I wouldn't mind creating a character sheet for Martok. What are the DRs? I see that Martok's the 11th approved god, so I'm assuming he's not at DR 20.

Martok likes to burn things. He is worshipped by some because of his destructive capabilities. Others because fire is a purifier. Still others because of how fire can be used in war.


----------



## Mephit James (Oct 29, 2005)

I think racial deities are a good start, maybe Amletan created the first Elf, Human, Dwarf, etc. and those first became gods in their own right. They don't need to be the only racial deities, of course, Ephereme, for example, intends to meddle in human afairs pretty regularly to shape their exploration of the world.

As for a Rogue's Gallery: I'm all for it.

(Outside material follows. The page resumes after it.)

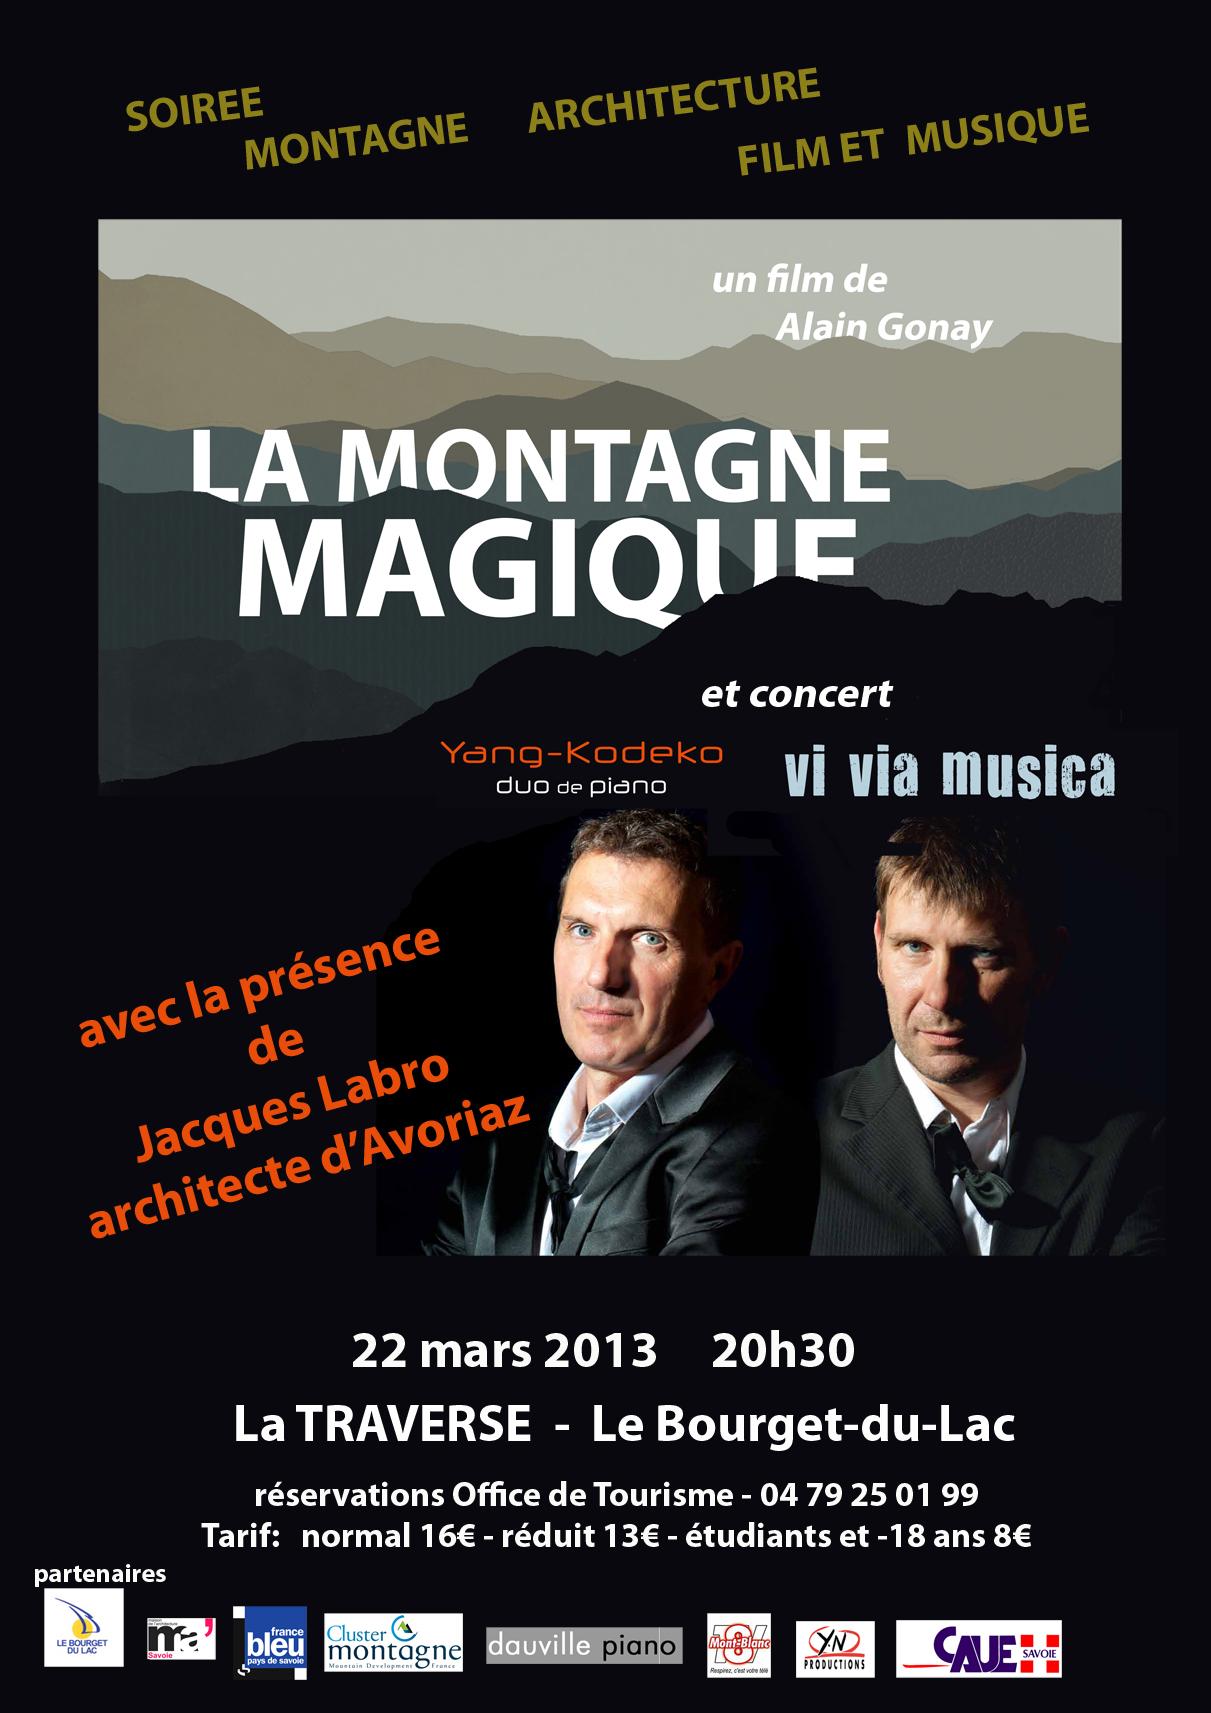 rencontre cinema de montagne 2013
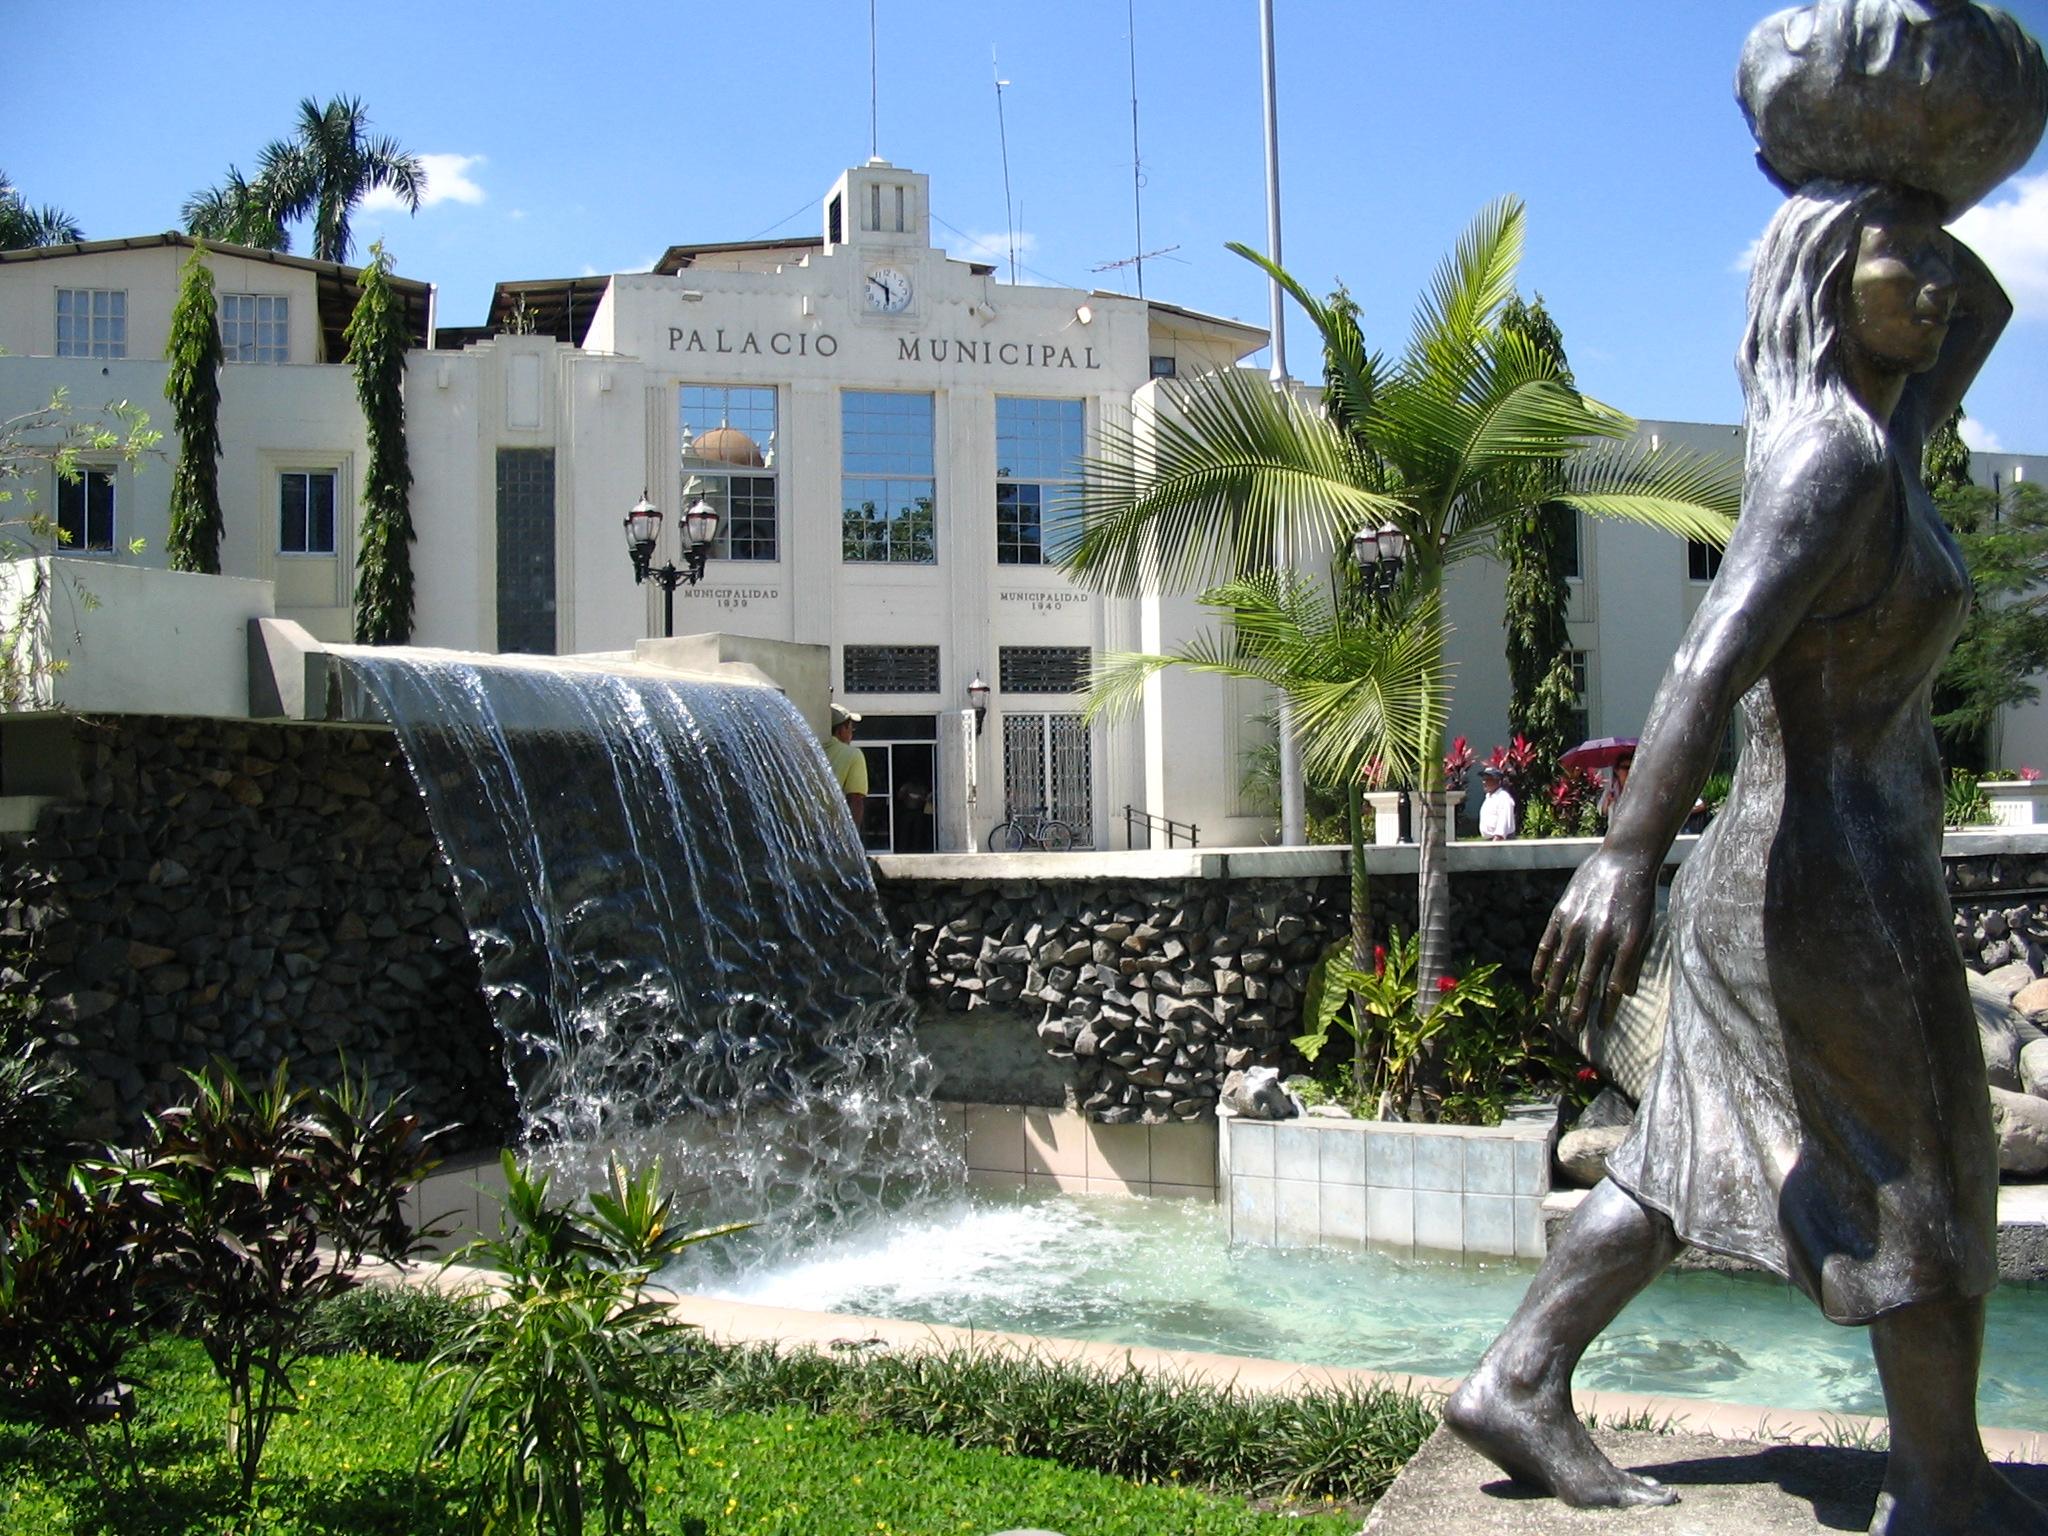 Palacio-municipal-San-Pedro-Sula

I want to make a sheet, but people don't need to necessarily. Still, it'd be good to have a place where all of the "character descriptions" can be viewed altogether without all the clutter in between.

The now-infamous First Deity doesn't need to be explicitly stated, either. These are _gods_ and it's definitely not beyond Amletan's means to multitask a little. Maybe the two Death gods each claim to be created before the other, but it's also possible that the Creator made them at the same time. Anaziel seems to be the real "first god" by default if his story is true. In any case, I've already made a timeline for Ephereme that he was born fairly soon after the creation of the world. We could all just post our individual beginnings and then figure this stuff out in RP discussion after. Creation's first war: the Battle of Primacy!


----------



## magic_gathering2001 (Oct 30, 2005)

IC thread

RG thread
kingpaul:
Divine ranks are measures of divine power, they are described in dieties and demigods, vasically they are added to your hitpoints and checks and give you a salient divine ability per rank.  I can't describe them very well but maybe someone else can
Oh and you have 17 of them(like the next 9 people)


----------



## Juggernaut (Oct 30, 2005)

*Arcayn*

*Arcayn* Major Portfolio: Dark Elves and Evil  Minor Portfolio: Trickery, Thievery, Chaos, and Assassination.


----------



## kingpaul (Oct 30, 2005)

magic_gathering2001 said:
			
		

> Oh and you have 17 of them(like the next 9 people)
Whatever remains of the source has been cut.